The table groups curves into three families. The NIST prime curves (P-192, P-224, P-256, P-384, P-521) are the Weierstrass curves baked into FIPS 186 and almost every TLS stack. The special and regional curves include secp256k1 — the Koblitz curve behind Bitcoin and Ethereum signatures — and the German Brainpool curves preferred by some European and government systems. The modern curves are the Edwards and Montgomery curves derived from Curve25519 and Curve448: Ed25519/Ed448 for signatures and X25519/X448 for key agreement.

When to use it

Reach for this tool when a config file, certificate, or library names a curve you do not recognise and you need to know its strength and whether it interoperates. It is handy when picking a curve for a new key, when debugging a "curve not supported" error from a browser or library, and when explaining to a colleague why prime256v1 in their OpenSSL output is the same thing as the P-256 their browser advertises. The demo key generator is useful for inspecting the exact shape of a public key — the JWK fields and the raw uncompressed point — without spinning up a command line.

Inputs and outputs

The reference table needs no input; type in the filter box to narrow it by name, alias, or use case, or use the buttons to show every curve or only the ones your browser's Web Crypto can actually run. The Web Crypto column is computed live: P-256, P-384, and P-521 are mandated by the specification, while Ed25519 and X25519 are probed and shown as supported only when your browser exposes them. secp256k1, Brainpool, and the 448-bit curves are marked reference-only because no browser exposes them through Web Crypto.
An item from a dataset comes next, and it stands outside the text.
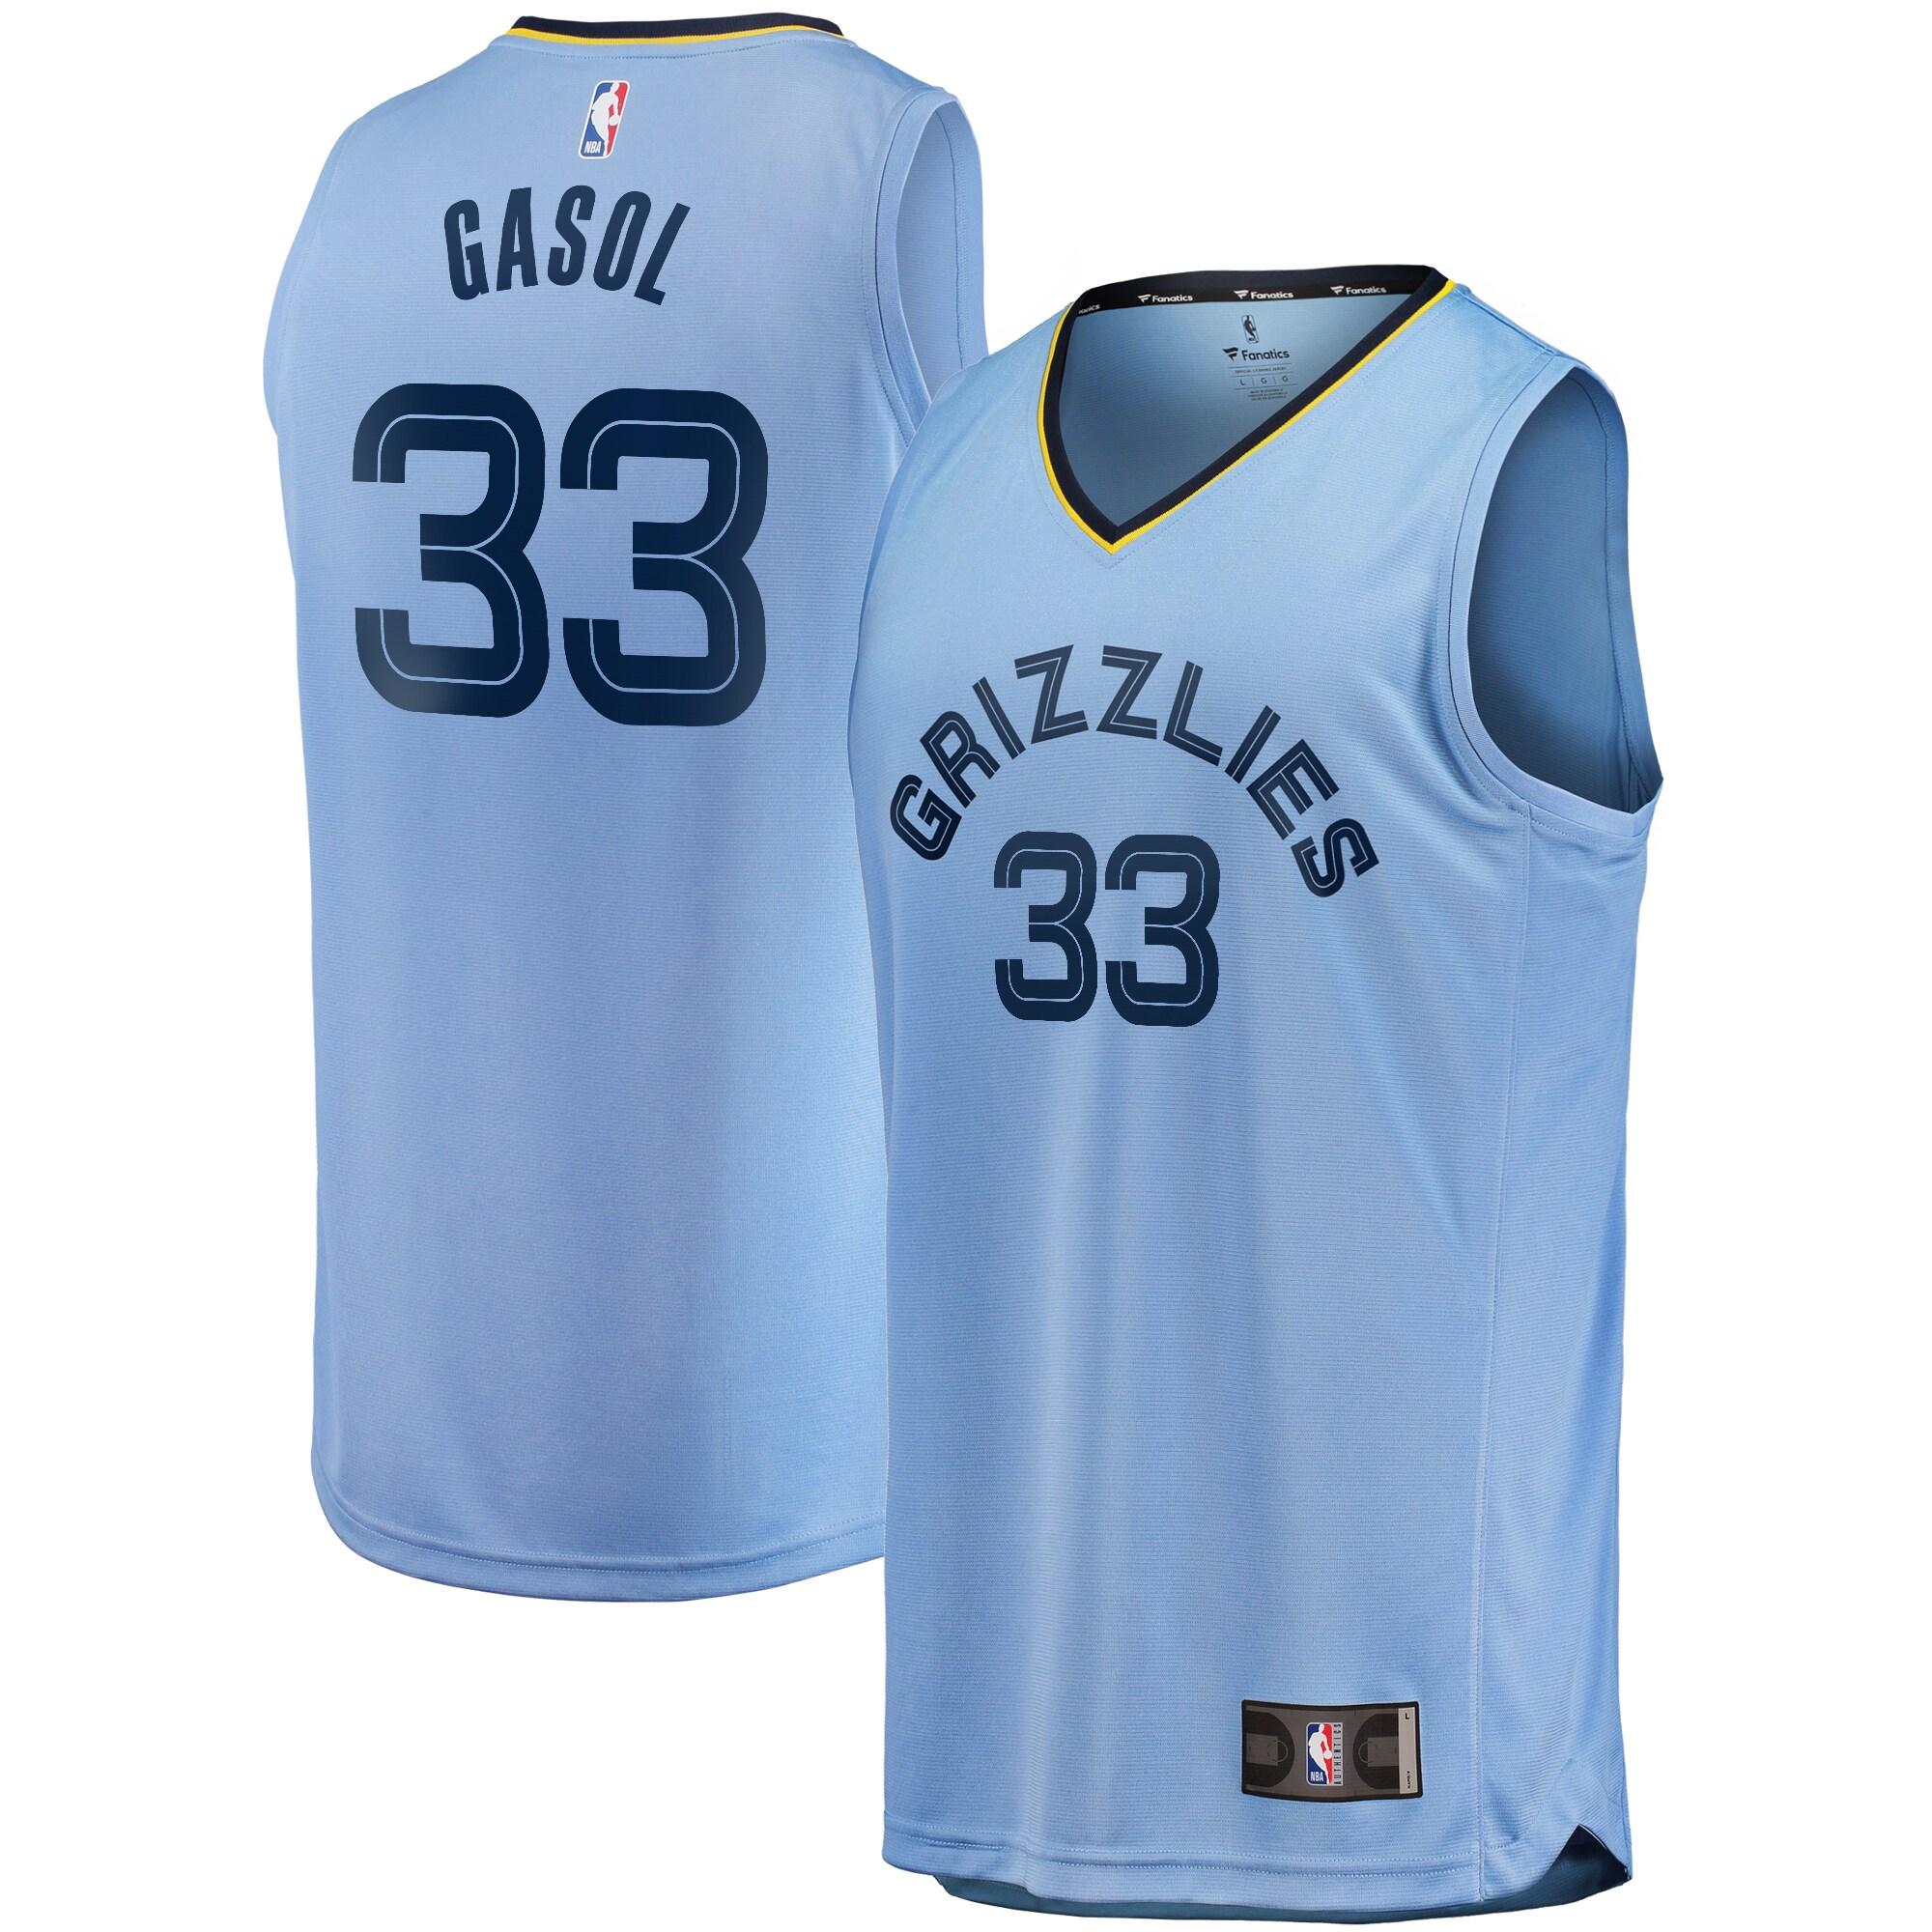 Marc Gasol Memphis Grizzlies Fanatics Branded Youth Draft Fast Break Replica Jersey - Light Blue

For a supported curve, Generate calls crypto.subtle.generateKey and exports the public key two ways: as a JSON Web Key (JWK) showing the curve name and the affine coordinates, and — for the P-curves — as the raw uncompressed point in hex (the 04 || X || Y form you see in certificates and COSE keys). The private key is created but never displayed or stored. For an unsupported curve the panel honestly reports that the browser cannot generate it rather than printing fabricated values.

Common mistakes

• Assuming every curve works in the browser. secp256k1 is everywhere in crypto-currency tooling but is not in Web Crypto — you need a JavaScript library or WASM for it on the web.
• Mixing up the aliases. secp256r1, P-256, and prime256v1 are identical; the r1/k1 suffix matters because secp256k1 is a completely different curve.
• Treating signing and key-agreement curves as interchangeable. Ed25519 signs; X25519 does Diffie-Hellman. Using one where the other is expected fails.
• Reaching for P-192 or P-224. They are below the 128-bit comfort line and deprecated for new use — prefer P-256 or a modern curve.
• Reading raw key bytes as Base32 or text. A raw EC point is binary; inspect it as hex, then decode structure with an ASN.1 or COSE tool.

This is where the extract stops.